Posted: May 18, 2008 in Uncategorized

In my never-ending quest to upend retail outlets across the land, I had an experience that I would like to pass along to you, my loyal Reader.

I went on a quest to locate a pitching washers set. I didn’t think it would be that hard, and even though I’m not in Texas anymore (Toto), I found plenty of sets online but have yet to be successful locating one in person. Sure, I could order one online, but quite frankly, I want it NOW. So I went to a local sporting goods establishment searching for the set they presented online. After about 10 minues of aimless wandering, I was unable to locate said set, so against my better (manly) judgment, I made the decision to ask one of the clerks.
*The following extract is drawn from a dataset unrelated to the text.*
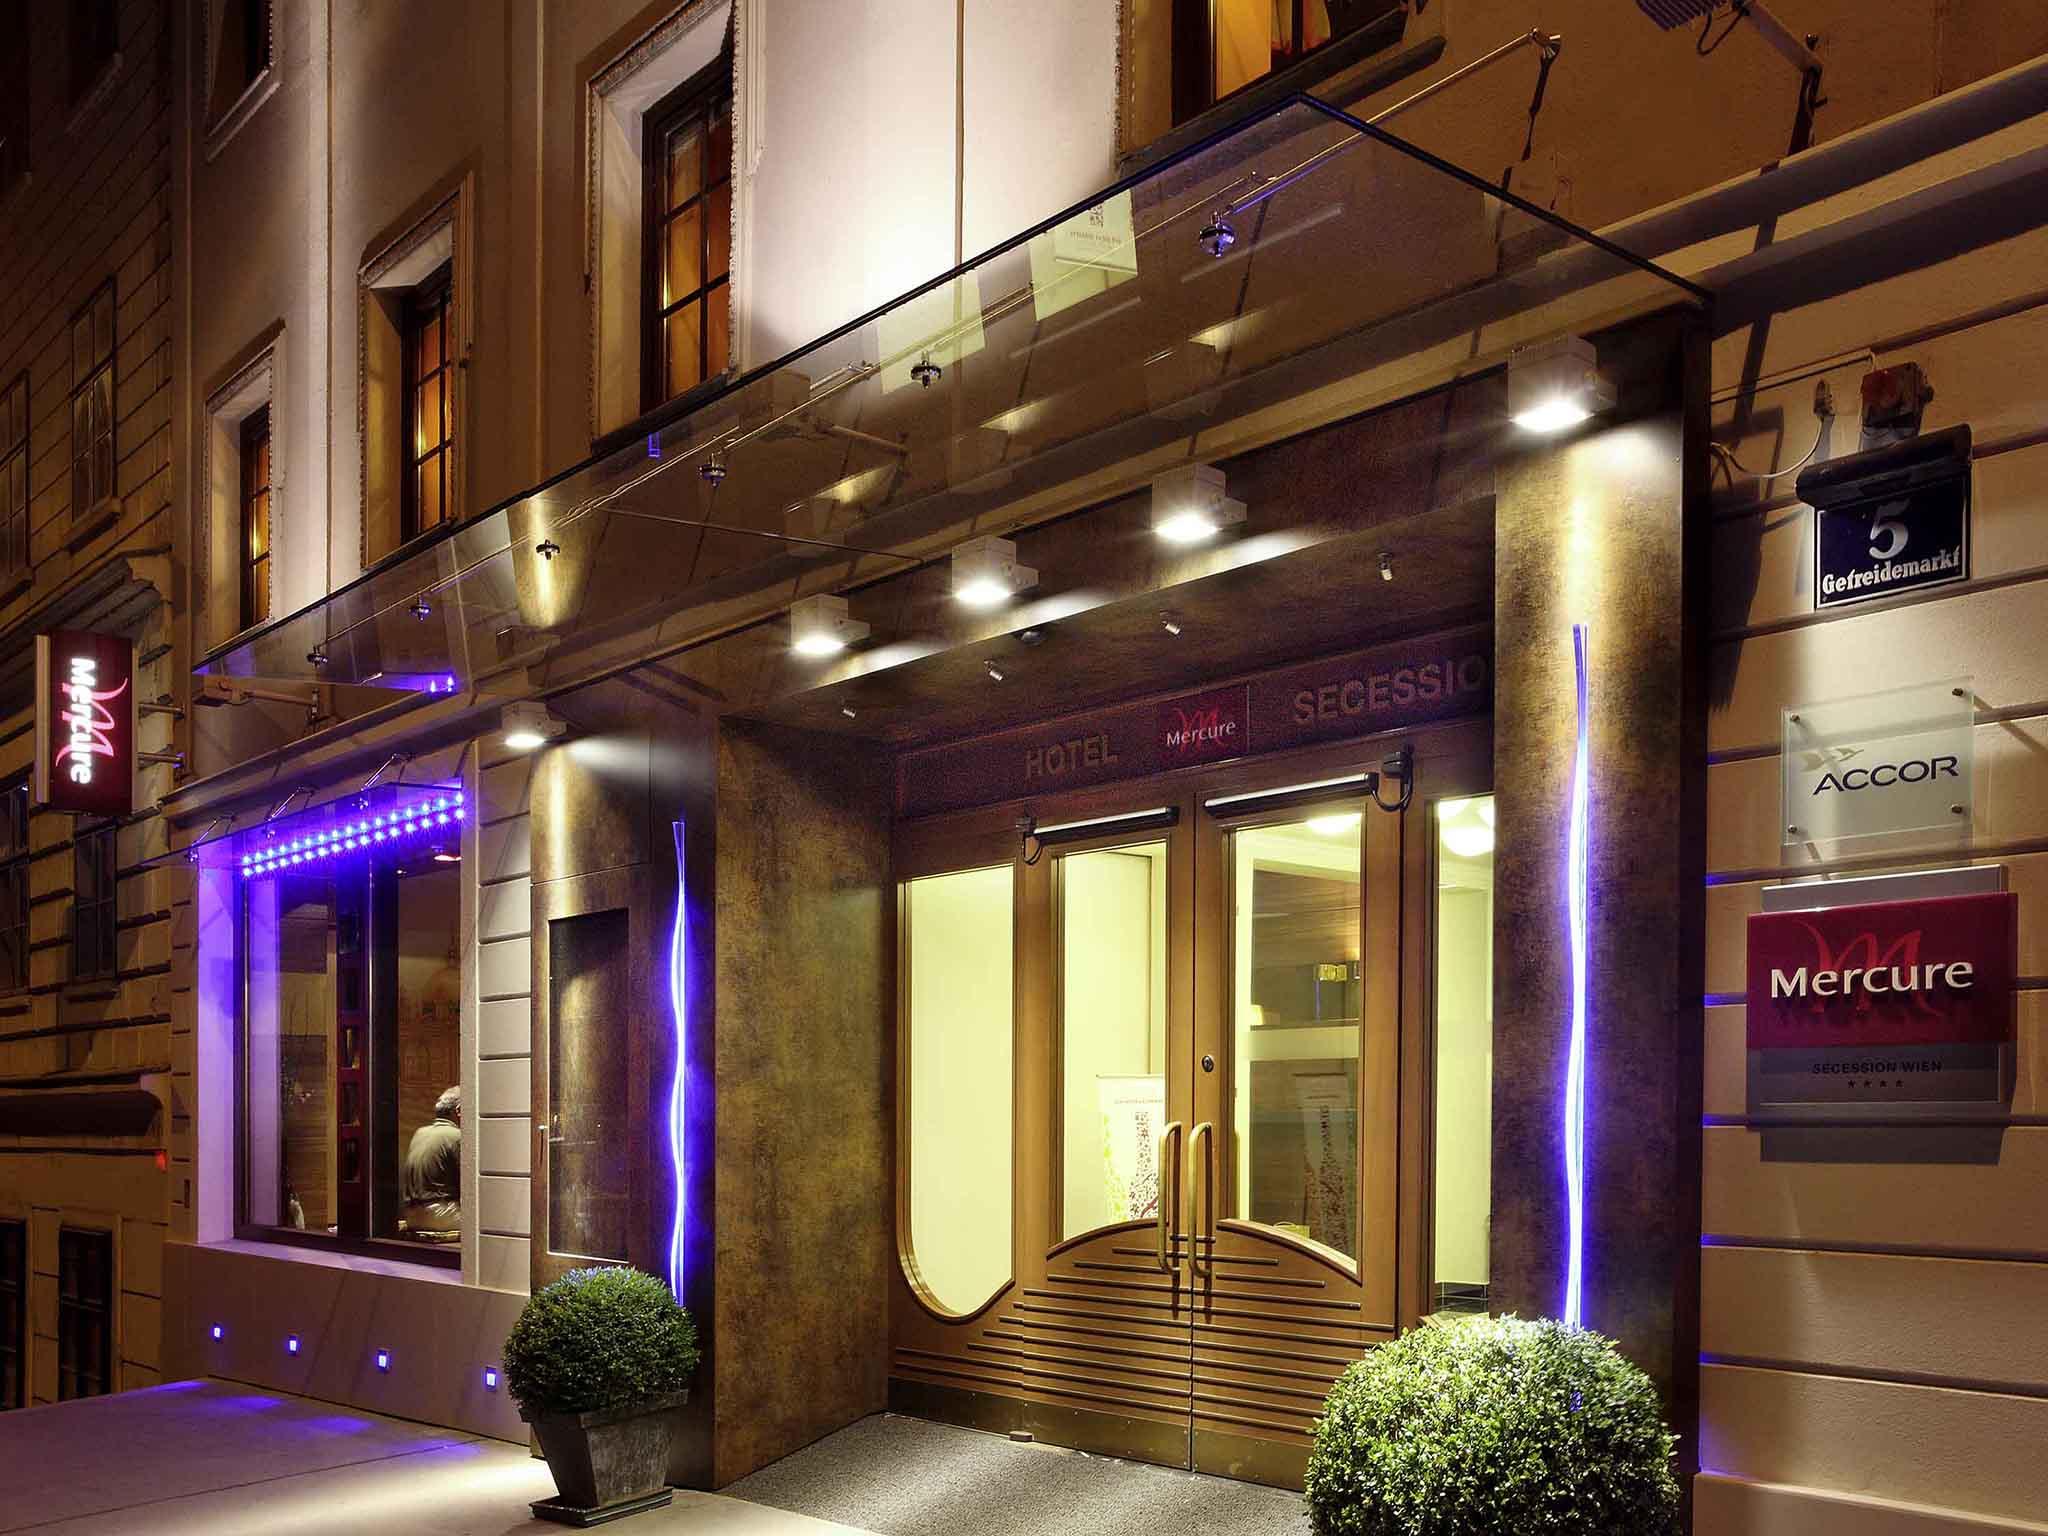 Hotel – Hotel Mercure Secession Wien

There were two of them there so naturally I assumed my luck would be doubled. And without further ado, here is the conversation that took place.

“Hi,” I said unassumingly. “Do you have a pitching washers set? I can’t seem to find it.”

Not one, but two blank stares.

Clerk number one says, “We don’t carry appliances.”

Seriously? Did she really just say that? How wonderful. I wonder how many cards are missing from her deck.

“Not a washer set, but pitching washers,” I replied. I even made the little underhanded washer-pitch motion.

More confused looks from my two new best friends. “The baseball pitching aids are over there,” clerk number two says while pointing towards the baseball area.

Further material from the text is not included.